Sunday, 3 January 2016

Tomas de Torquemada, the Inquisitor

16th September 1498 was the day on which died one of the most evil men to have ever lived. However, like many such people he was utterly convinced that he was on the side of justice and was doing “God’s will”. It is amazing how religious zeal can persuade some people to act in the most unspeakably cruel and villainous ways.

The man in question was Tomas de Torquemada, a Dominican monk who, in 1483, had been entrusted by Pope Sixtus IV to lead the “Holy Inquisition” in Spain. The aim of this institution was to root out heresy from Spain, which Torquemada understood to mean discovering and punishing “Marranos”, Jews who had ostensibly converted to Christianity but who still practised Judaism in secret.

Torquemada took his work extremely seriously, gathering a network of spies and arming himself with “enforcers” in the shape of 50 armed knights and 200 foot soldiers. There was nothing he would not do to extract a confession, followed by punishment. It is true that not every victim was burned at the stake – this was the fate of possibly as few as 2,000 discovered Jews – but at least 25,000 others received less severe punishments after they had been tortured into confession.

It seems unlikely that Torquemada’s career was unknown to the Nazis of a later age, because there are distinct parallels between their persecutions of Jews. Torquemada confiscated Jewish property, flogged Jews in public and forced them to wear yellow shirts with crosses sewn on them – a chilling precursor of the yellow stars that the Nazis forced German Jews to wear.

He issued guidelines to enable Christians to identify the secret Jews among them. One was to take note of people who wore clean clothes on Saturdays rather than Sundays.

Torquemada even had his own “final solution”. In his efforts to create a “pure-blooded” Spain he concluded that all the Jews must be expelled. He went to the King and Queen and made this demand, but they were also approached by some wealthy Jews who offered them 30,000 ducats if they refused to do what Torquemada wanted.
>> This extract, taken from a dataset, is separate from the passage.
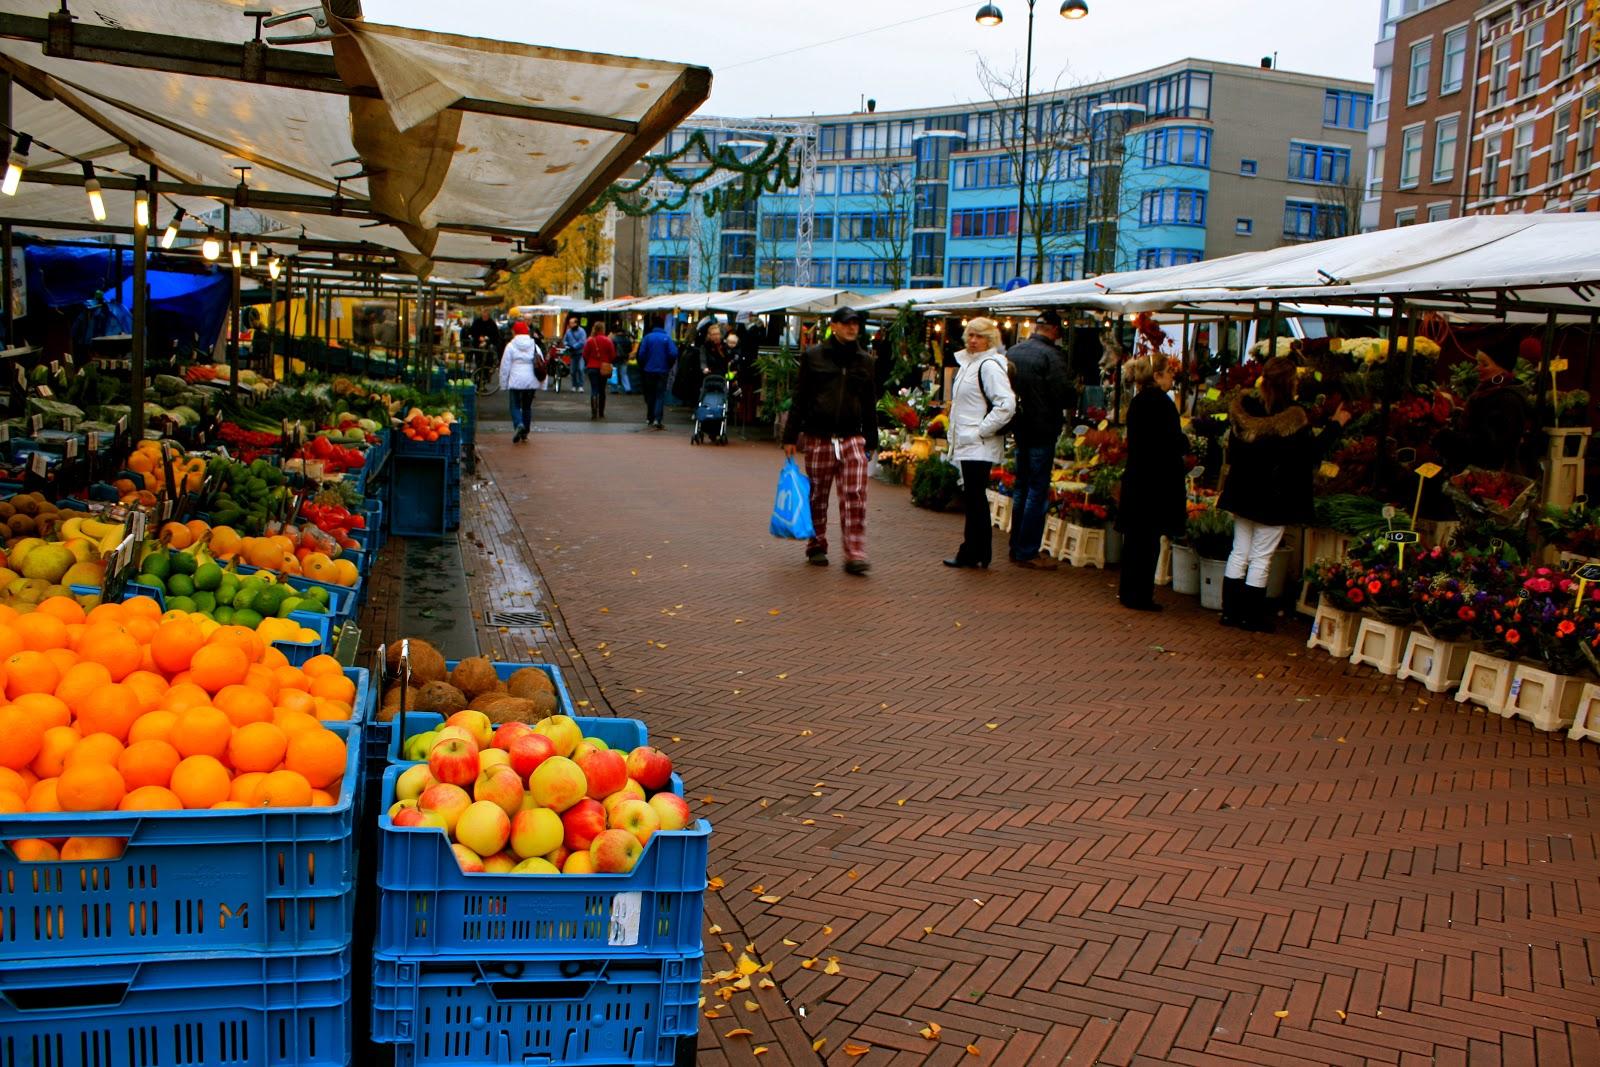 Goedkoop winkelen op de Dappermarkt in Amsterdam
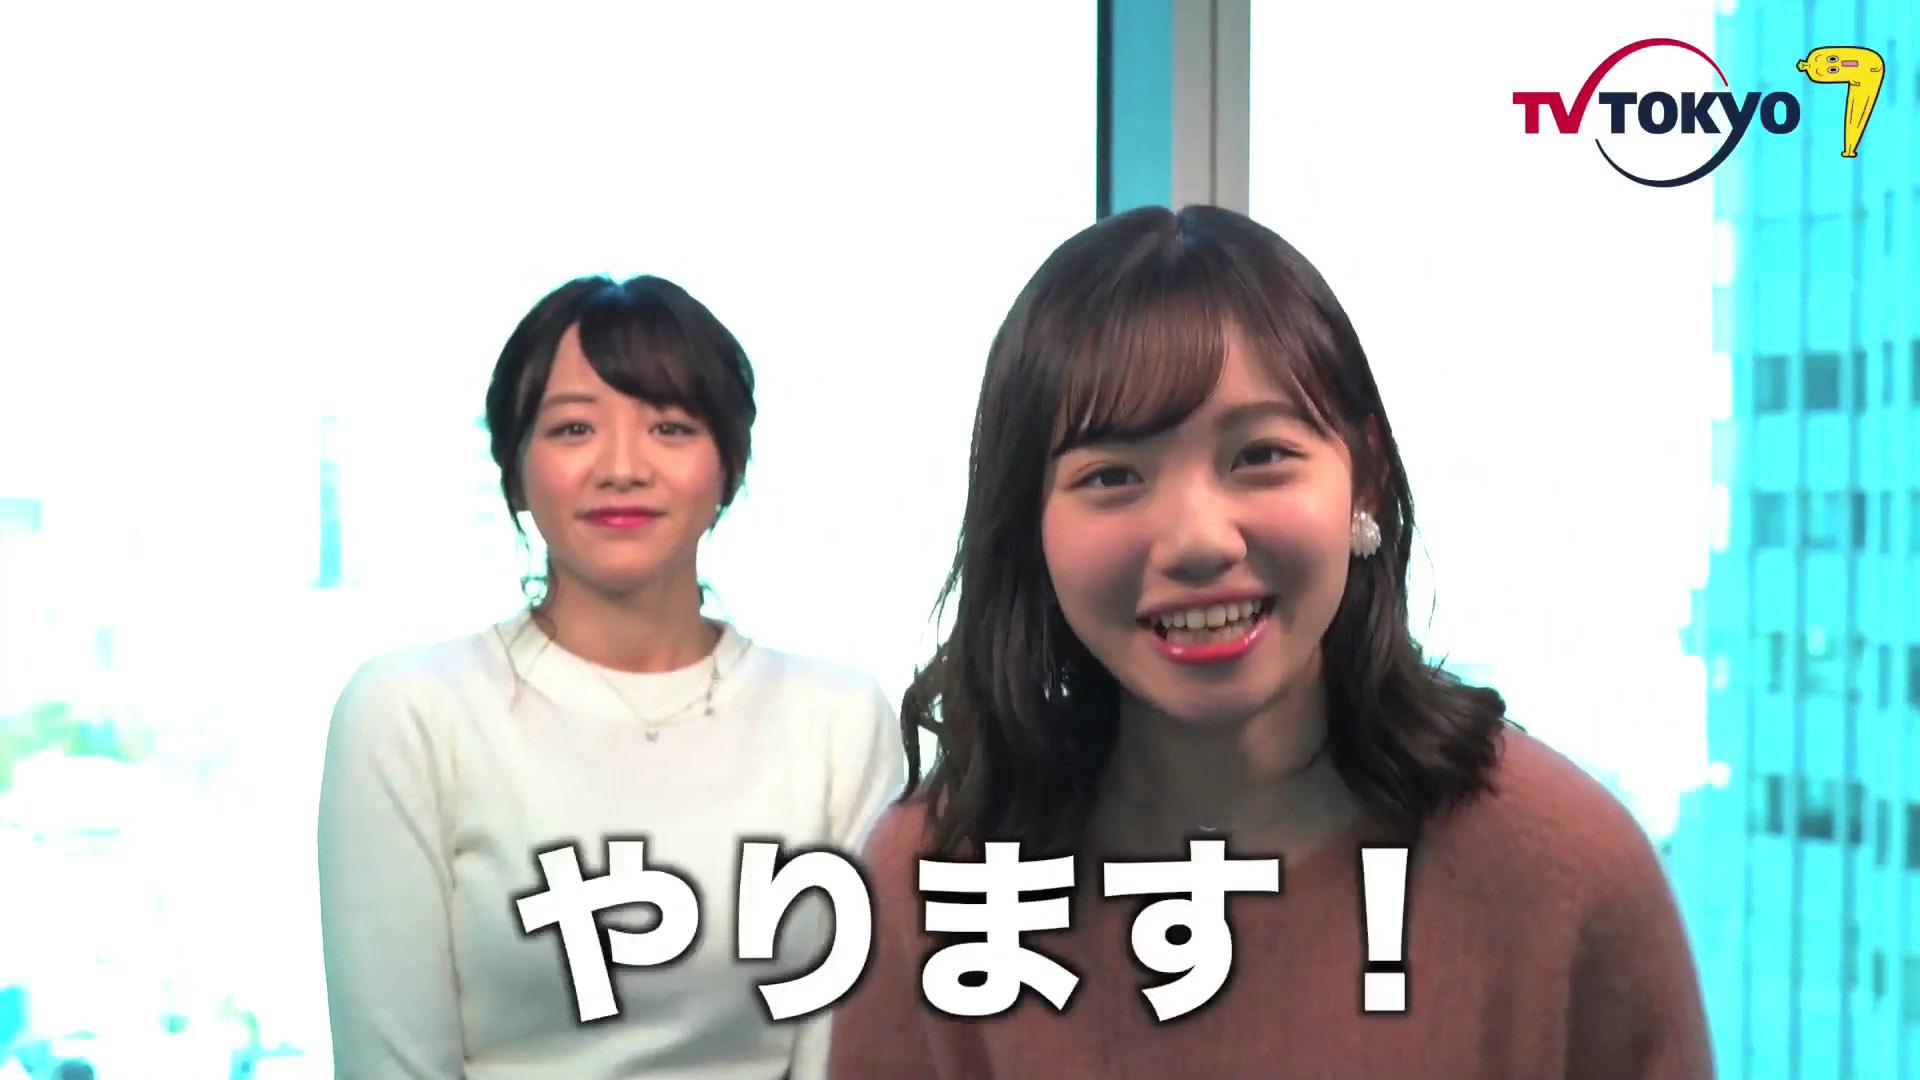 森香澄_田中瞳_女子アナ_テレ東_テレビキャプ画像_05

This was an unfortunate sum to have offered, because it played right into Torquemada’s hands. He challenged the monarchs by pointing out that Jesus had been betrayed by Judas for 30 pieces of silver and now they were about to do the same for 30,000. The jibe worked, and 160,000 Jews were forced to leave Spain within three months. Any left behind would have been executed.

It beggars belief what some people are prepared to do in the name of religion, which is one reason why the current writer would be perfectly happy if the world gave up religion altogether, although I appreciate that this is not likely to happen any time soon! The problem arises when people convince themselves that their religion is the only true one and that everyone else’s must therefore be wrong. It is a short step, in the minds of many, from this position to the belief that the wrongs of others must be corrected in order that they can be “saved”. The lengths to which they go in order to convert others to their point of view are clearly very varied, but it is when “no, I won’t change my religion” is not taken as the end of the matter that the real trouble can start.

As a footnote to the story of Torquemada, there is another parallel to the excesses of the Nazis. One of the worst Jew-baiters, Reinhard Heydrich, was known to have had a Jewish grandmother. The same was true of Tomas de Torquemada.